• WHAT IS REQUIRED
No pictures in the copy. Write out the listing below exactly.

• RECORDED DATA
========

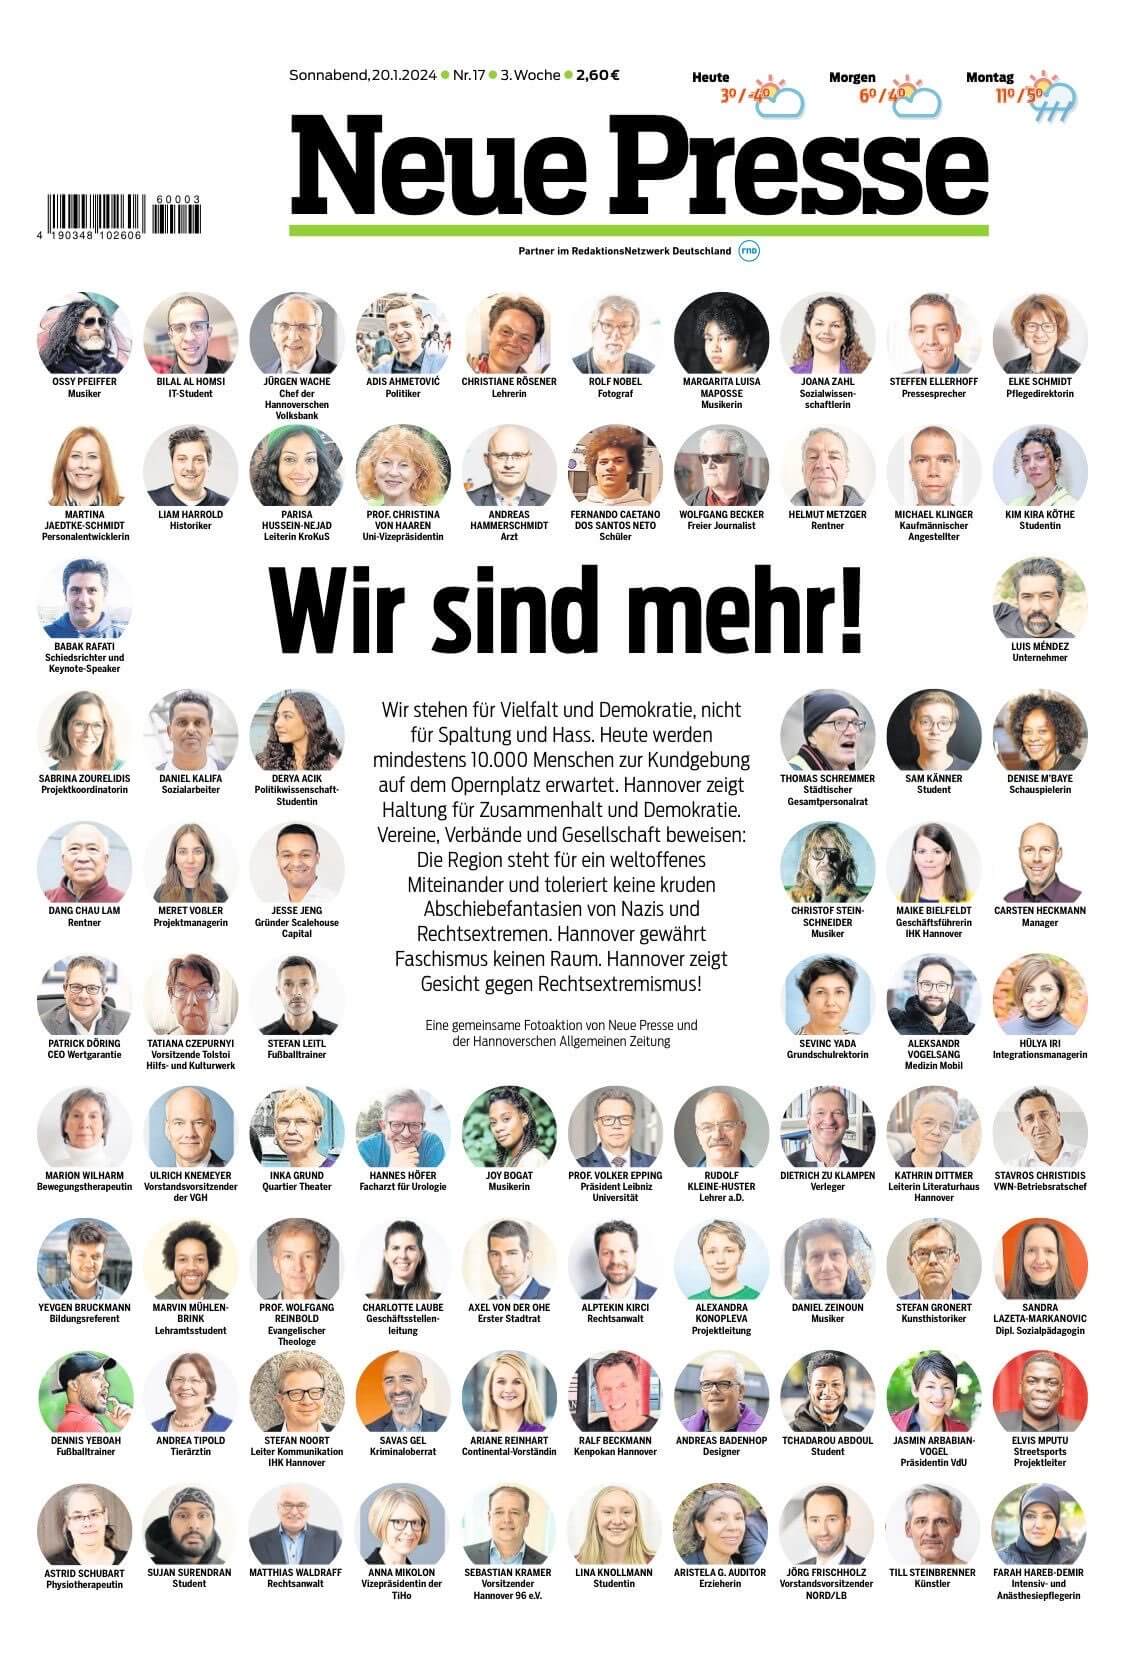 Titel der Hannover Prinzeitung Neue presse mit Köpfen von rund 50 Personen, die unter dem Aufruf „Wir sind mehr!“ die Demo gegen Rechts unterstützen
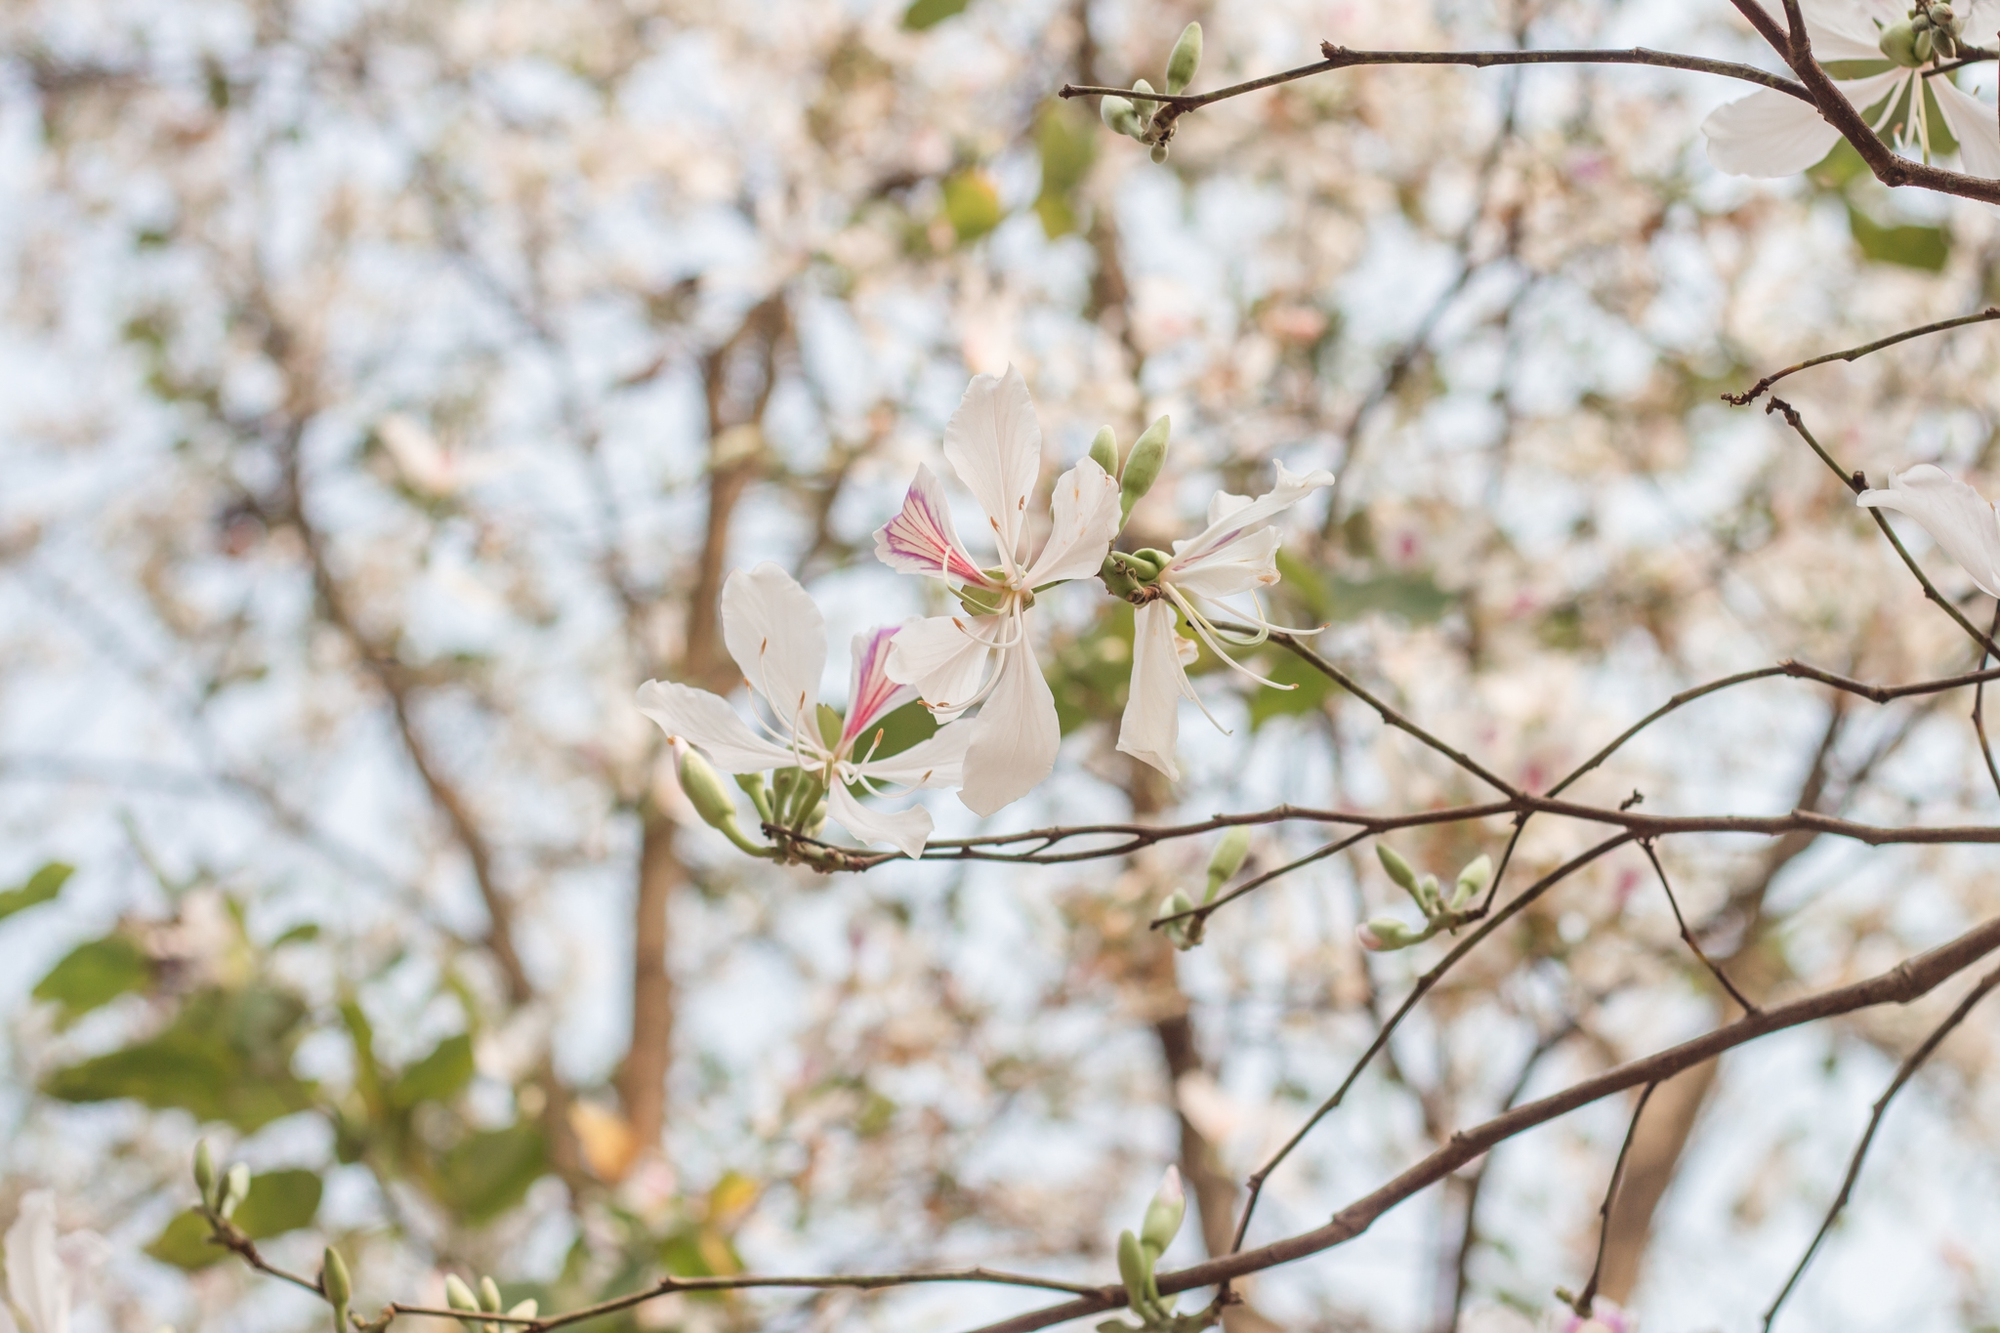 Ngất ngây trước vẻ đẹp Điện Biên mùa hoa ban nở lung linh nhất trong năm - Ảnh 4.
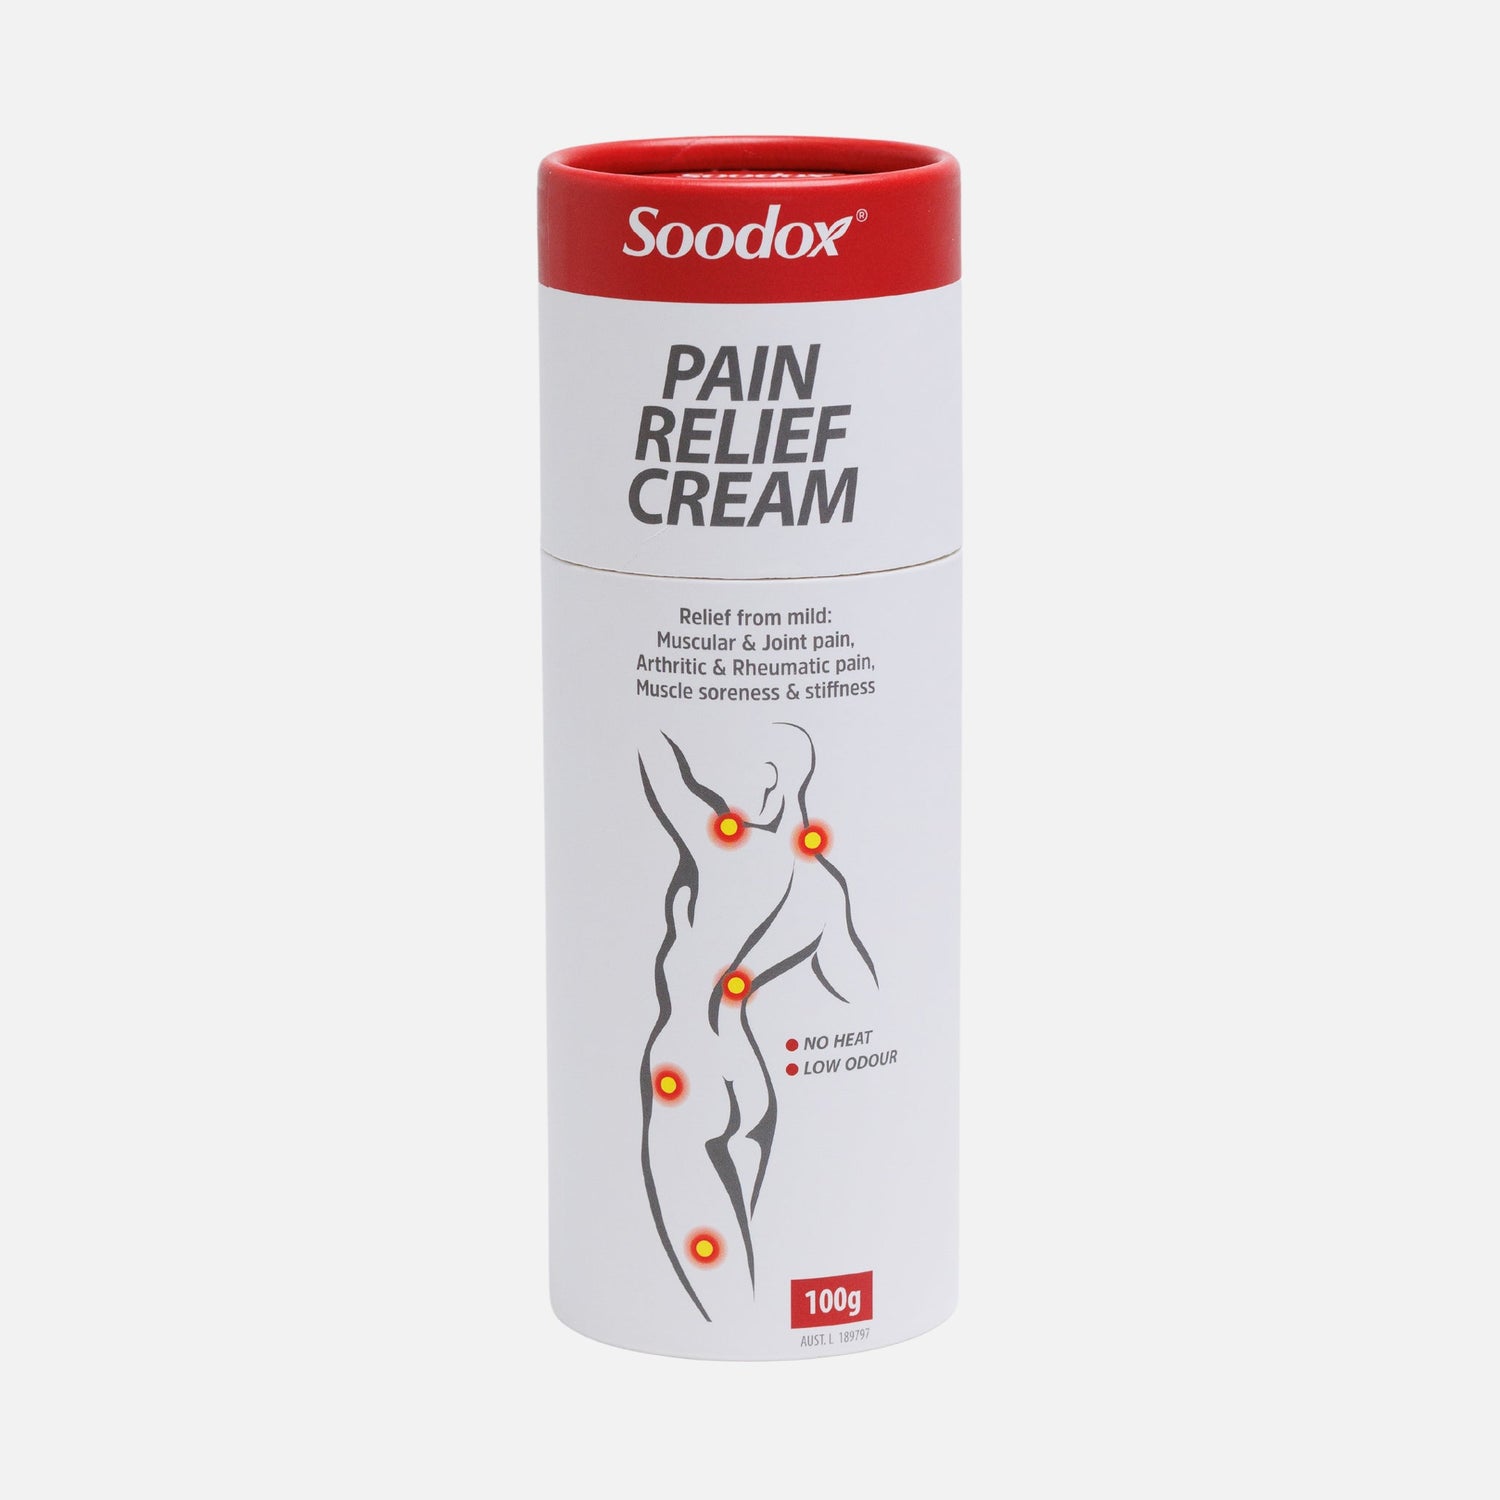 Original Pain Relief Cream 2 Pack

========

• RESPONSE BELOW
 Titel der Hannover Prinzeitung Neue presse mit Köpfen von rund 50 Personen, die unter dem Aufruf „Wir sind mehr!“ die Demo gegen Rechts unterstützen
 Ngất ngây trước vẻ đẹp Điện Biên mùa hoa ban nở lung linh nhất trong năm - Ảnh 4.
 Original Pain Relief Cream 2 Pack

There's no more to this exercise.